Episode Nine - The Big Gamble

I suppose over nearly two weeks I had spoken with a hundred or so people from all sides. Often they asked me what I thought would come of Brexit. One day in Boston I answered that both possibilities seemed like Doomsday scenarios; The UK leaves and it crashes, or the UK leaves and makes a great success of it, and Europe crashes. I hope I am wrong about both.

On my penultimate day in the UK, I drove a few miles north out of Boston to the seaside resort of Skegness - I needed a new horizon, a new perspective.

The town is full of casinos and old fashioned gambling halls - packed with the opportunity to risk a few pennies, or to risk it all. And it struck me that Brexit is one big gamble.

During my time in the UK, many said that, after nearly three years, they were tired of Brexit - it’s been a constant backdrop to the political and economic narrative - they are fatigued and want to move on, however bad it is, they needed to know now. I had been living this for just two weeks, and I didn’t want a single conversation more. The British had come to hate politicians. It reminded me of my adopted home, France.

So I walked along a sunlit beach and chatted with Martin. ‘Can I talk to you about Brexit?’ I asked, and it opened a floodgate of emotions for him.

‘I hate it. What have we done? I wrote to my MP but she just changes her position constantly’.

Martin.

Martin had spent three years in the Catering Corp in the British Army. I asked why he left and he said, ‘I signed up for five years but I left after three. I bought myself out of the army. I realised it was just a lie’

“Sometimes I could bloody cry."

He then spoke of the great sadness he feels for his children who he said grew up as Europeans. He said, “Sometimes I could bloody cry. I think the younger generation were born with this unity and they are the ones that are going to suffer the most.” And then I really thought he might cry.

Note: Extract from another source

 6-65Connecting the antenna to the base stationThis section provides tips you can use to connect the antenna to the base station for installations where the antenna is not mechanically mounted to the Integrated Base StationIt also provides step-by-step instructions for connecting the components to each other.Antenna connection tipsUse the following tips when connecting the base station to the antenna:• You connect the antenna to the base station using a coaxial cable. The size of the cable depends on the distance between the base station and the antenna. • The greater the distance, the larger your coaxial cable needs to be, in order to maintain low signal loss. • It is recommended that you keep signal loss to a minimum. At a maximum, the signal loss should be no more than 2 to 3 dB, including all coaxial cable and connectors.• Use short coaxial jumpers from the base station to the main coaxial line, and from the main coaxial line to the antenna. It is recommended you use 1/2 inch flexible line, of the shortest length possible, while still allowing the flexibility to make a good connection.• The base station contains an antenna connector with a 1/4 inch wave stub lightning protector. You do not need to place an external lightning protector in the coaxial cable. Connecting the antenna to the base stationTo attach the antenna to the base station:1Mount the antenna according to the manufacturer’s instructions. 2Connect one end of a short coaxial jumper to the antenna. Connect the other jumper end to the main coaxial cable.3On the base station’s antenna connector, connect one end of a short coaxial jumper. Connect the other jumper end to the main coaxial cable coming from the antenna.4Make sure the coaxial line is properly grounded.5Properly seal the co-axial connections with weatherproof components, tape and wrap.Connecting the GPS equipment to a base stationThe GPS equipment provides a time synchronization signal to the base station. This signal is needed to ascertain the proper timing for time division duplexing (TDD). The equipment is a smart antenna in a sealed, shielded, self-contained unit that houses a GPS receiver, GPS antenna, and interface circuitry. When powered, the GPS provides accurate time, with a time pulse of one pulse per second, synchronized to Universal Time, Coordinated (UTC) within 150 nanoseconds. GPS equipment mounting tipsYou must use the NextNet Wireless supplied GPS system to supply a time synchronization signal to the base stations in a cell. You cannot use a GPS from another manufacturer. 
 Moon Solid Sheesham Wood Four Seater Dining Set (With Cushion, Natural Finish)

I was pleased I had left Boston for the day.

I asked him about the immigration issues that so many voted against and he said this, ‘We have betrayed the workers who came here, failed them. All the ones I have worked with contribute to our country. We are betraying our promise to them. They’ve got a right to feel cheated’.

"One tree doesn’t make a forest."

I walked a little further and I bumped into a Nigerian guy, and he said to me ‘Are you doing something about Brexit?’ ‘Why do you ask?’ I asked. And he said ‘One tree doesn’t make a forest. We need Europe, they don’t need us. We shouldn’t leave.’ And with that he walked on.

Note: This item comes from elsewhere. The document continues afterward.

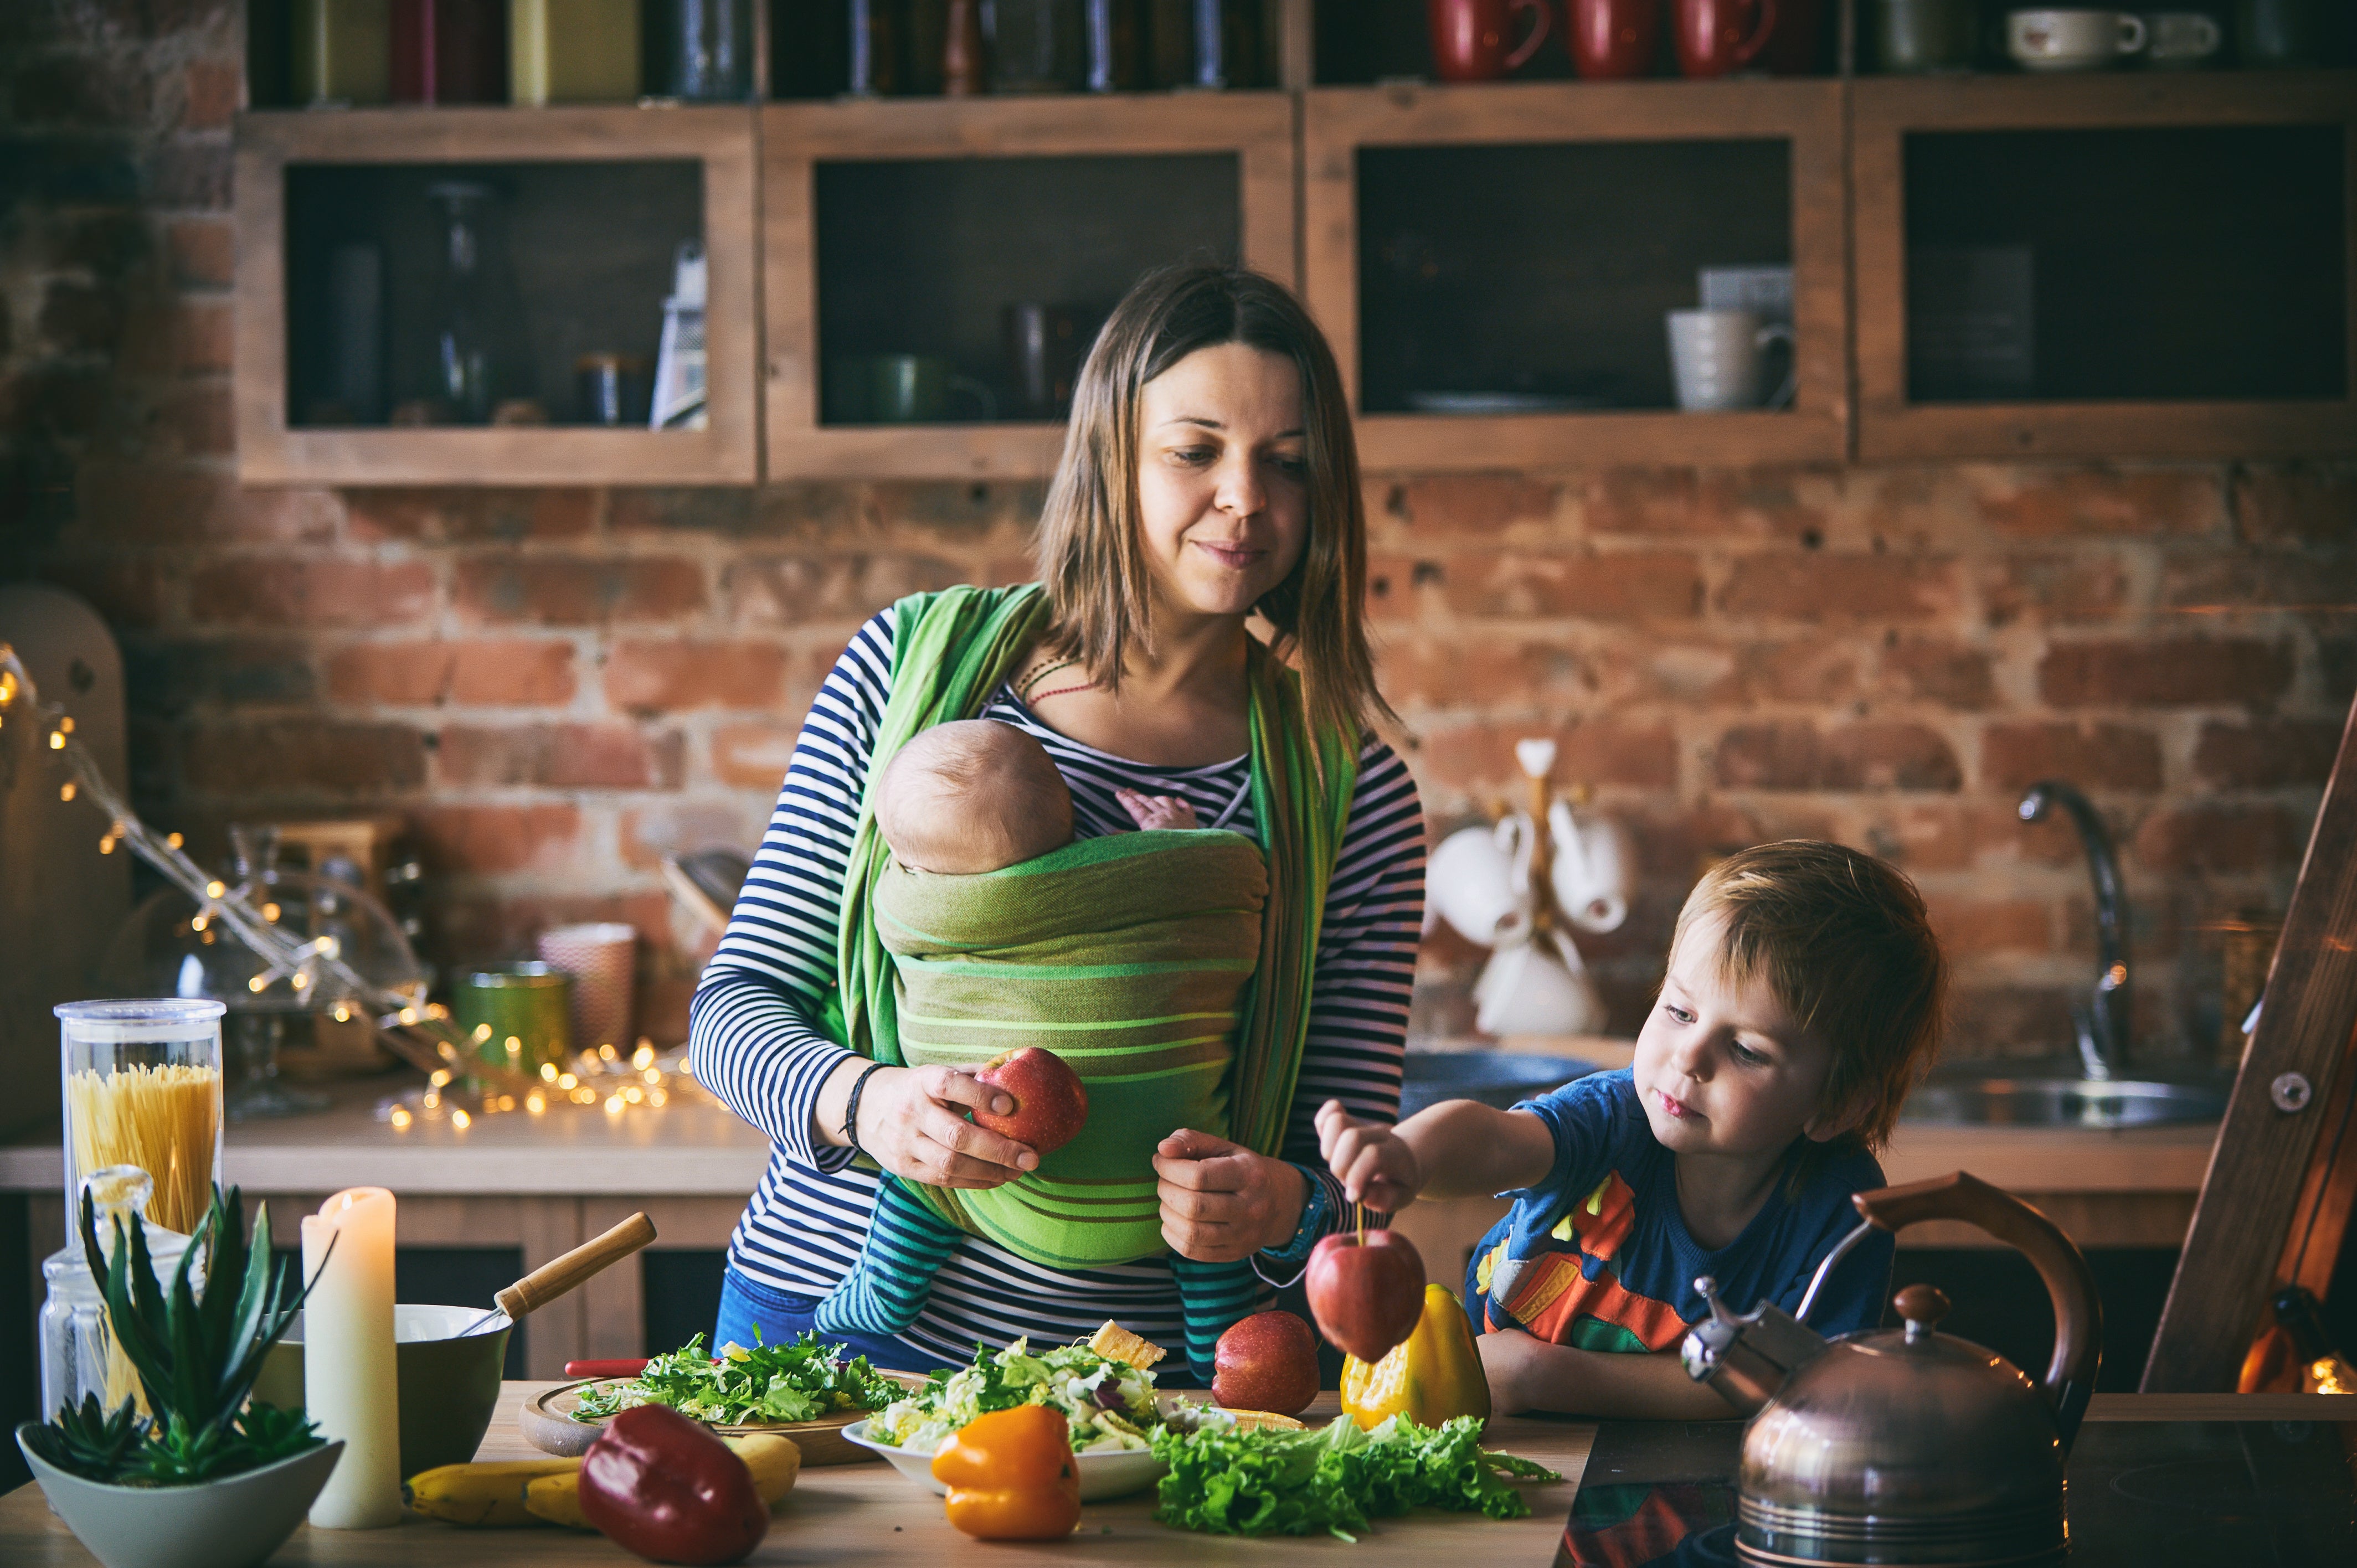 Mom baby-wearing an infant while cooking a healthy meal with toddler.

So I took a photo of an ocean wind farm, with just one isolated wind turbine, distant from the rest. It was the photograph of his saying, that I didn’t take of him.

Stewart said, "Europe's telling us how we can run our country. And I don’t agree with that."

I continued my amble, and met a an old punk rocker called Stewart. He was still living in the late 1970’s and was happy to admit it. He spoke of his love for Margaret Thatcher, the demolition of the unions, and how we don’t need Europe.

Stewart said “My grandfather fought in the war against Rommel in North Africa, and now I think ‘what we did we do it for?' We saved Europe long before the Yanks came in - we’d won it by then. And now they are telling us how we can run our country. And I don’t agree with that. As much as I am a punk, I’m not an anarchist”

As I photographed him, the old, unchanged town of Skegness lay behind me, in the middle distance was the ‘wind farm’, a sign of progress and modernity, and somewhere in the distance across the muddy North Sea, was Europe - not so far away, but further than ever. It felt like the past, today, and tomorrow all in one.

In just a couple of hours I had gone from high emotion and arrived at staunch belief. It was the full spectrum, three people, and the all the nuances of the countless arguments I have heard here. And it confirmed everything I have felt… this is one massive gamble, and no one knows the winner yet.